For almost the entire month of February 2006 the sun was utterly blank. If Galileo had looked at the sun on his 442nd birthday, he would have been disappointed–no sunspots.

What’s going on? NASA solar physicist David Hathaway explains: “Solar minimum has arrived.”

Sunspots come and go with an 11-year rhythm called the sunspot cycle. At the cycle’s peak, solar maximum, the sun is continually peppered with spots, some as big as the planet Jupiter. But for every peak there is a valley, and during solar minimum months can go by without a single sunspot.

“That’s where we are now–at minimum,” says Hathaway.

Actually, we’re at the beginning of the minimum. February 2006 was the first month in almost ten years with mostly no sunspots. For 21 of February’s 28 days, the sun was blank. Hathaway expects this situation to continue for the rest of 2006.

No sunspots means low solar activity. Sunspots are sources of solar flares and coronal mass ejections that can disrupt radio communications and even cause power outages on Earth during severe magnetic storms.
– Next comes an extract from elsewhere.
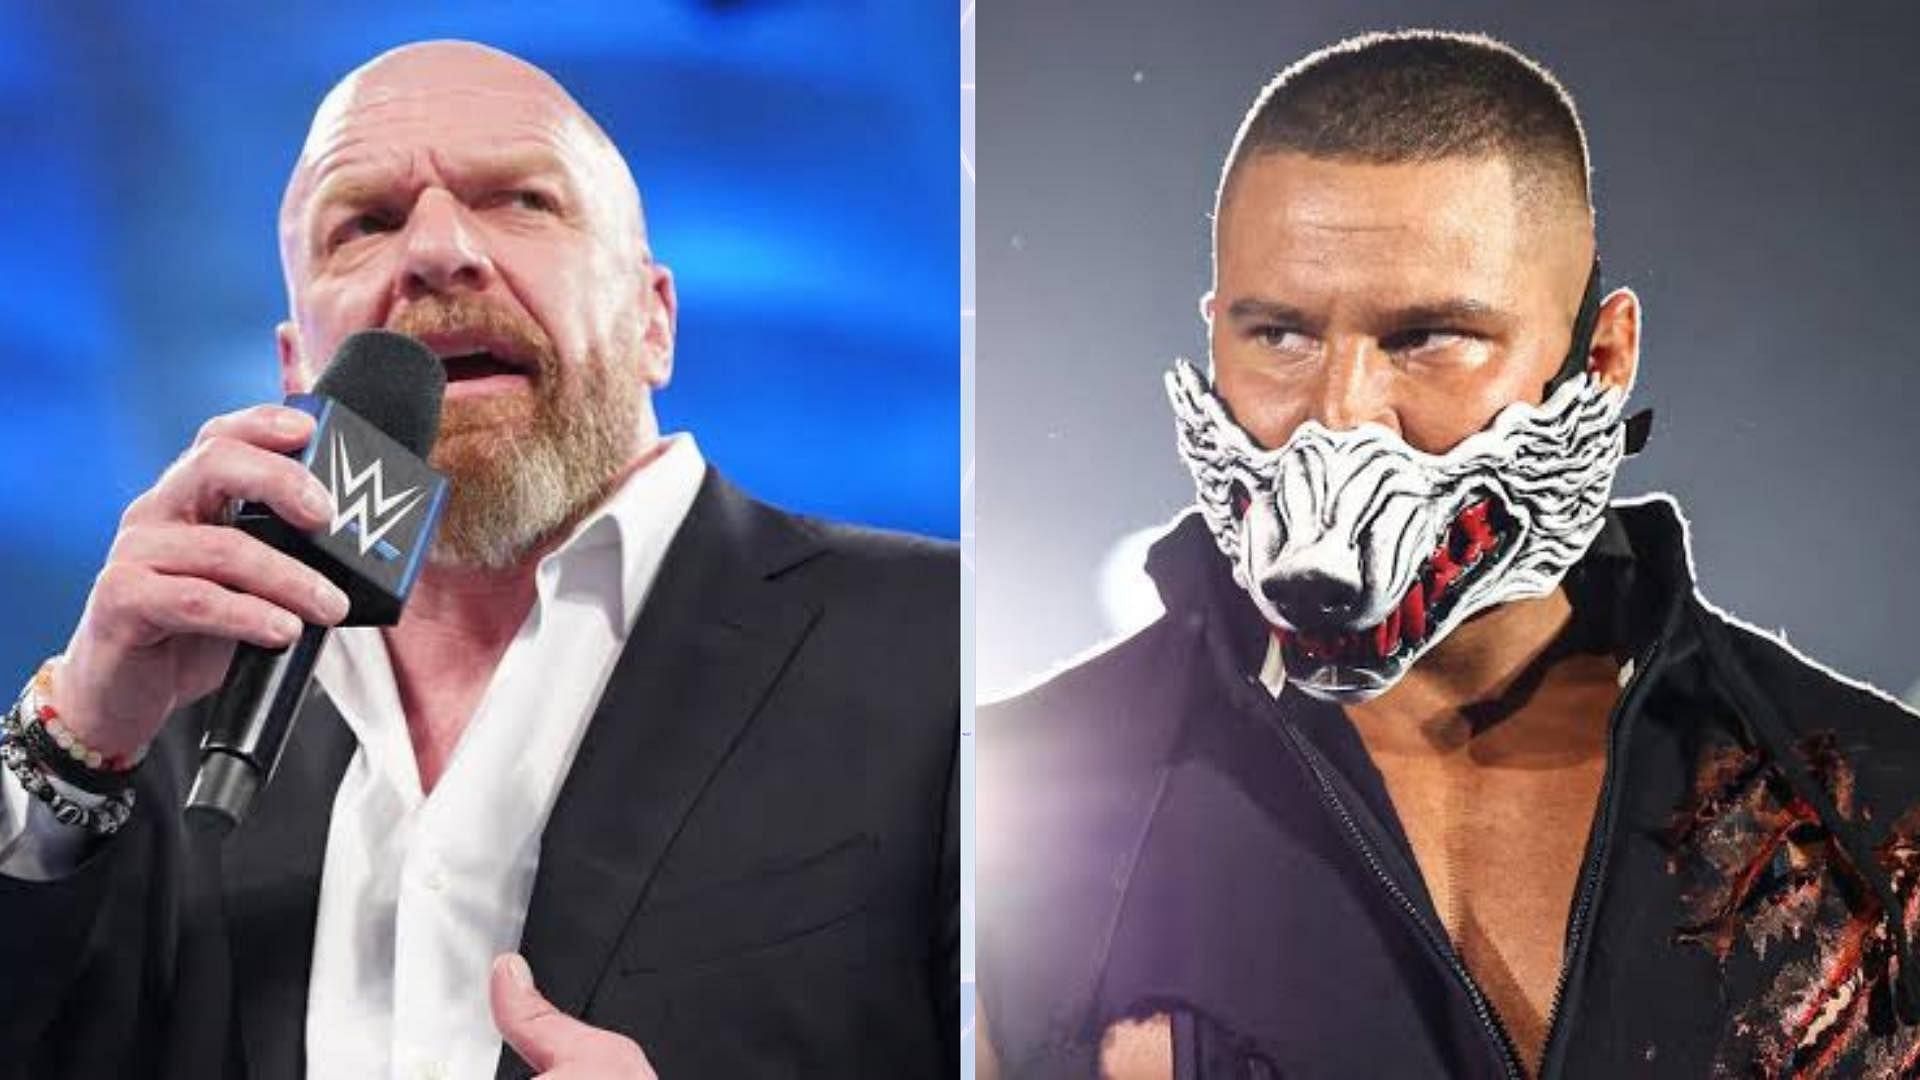 Triple H can give a major push to well-deserved stars following WWE Draft (Source:WWE)

(Figure 3) Sunspot counts from the time of Galileo through the end of 2005. In recent centuries, counts have gone up and down with an 11-year period

suncycle.JPG

Galileo was lucky. The year 1610 was close to a maximum of the sunspot cycle, so when he projected an image of the sun through his spyglass, he immediately saw enormous spots. The spots themselves did not surprise him. Chinese astronomers looking at the sun naked-eye through clouds and mist had reported seeing sunspots as early as 28 BC. The reality of sunspots was uncontroversial, but the nature of sunspots was a mystery. Were they satellites of the sun? Dark clouds in the sun’s atmosphere? Or something else? Galileo’s daily sketches showed plainly that the sun was spinning and that sunspots were close to the surface of the spinning orb. Personally, Galileo thought sunspots might be clouds.

Now we know what they really are: great islands of magnetism. Sunspots appear when magnetic force-fields generated by the sun’s inner dynamo poke through the surface. These fields block the flow of heat from below, cooling the sun in their vicinity. If you stuck a thermometer in a sunspot, it would register “only” a few thousand degrees Celsius. This makes it look dark compared to the surrounding inferno.

Sunspots are in a state of non-stop upheaval. Tangled lines of magnetism twist and stretch until the tension becomes too great and an explosion occurs–a flare. This link between flares and spots is why solar minimum is so quiet.

“But not absolutely quiet,” adds Hathaway. “During solar minimum we can have occasional sunspots and solar flares.” Indeed there was at least one monster spot and one X-class solar flare (the most powerful kind) during each of the last three minima in 1976, 1986 and 1996.

2006 will probably be the same–long stretches of quiet with occasional episodes of spots and flares. How long will this last? Stay tuned for the answer. In the meantime, how does all this play into the question of “Global Warming”?

The Earth’s surface, oceans, and atmosphere act like an energy sponge, absorbing more solar energy during high radiation periods, and less at lower periods. The Earth radiates this energy out into space at night (the side of the Earth that is facing away from the Sun), the only period that the planet is permitted to cool.

When solar activity is high (solar max), then uneven Earth heating may occur. When solar activity is low (solar minimum), then planetary heating may be more uniform. Depending on other climactic conditions such as distance from the Sun, particulate content in the atmosphere, jet stream speed and deviation, and cloud cover, solar heating and cooling may experience periods of extreme imbalance. None of these conditions are within the power of human endeavor to have an appreciable effect.

And so several cycles are waning, just as they unusually coincided over the last few years, and thus the intense storms of the last few years, and the tamer weather of this year. Yes there were hot days, just as there always are, and there are hurricanes, just as there always have been. Weather will still occur, and we must be mindful of our environment for our own sake, but to think that the erratic weather is solely our fault is just simple folly.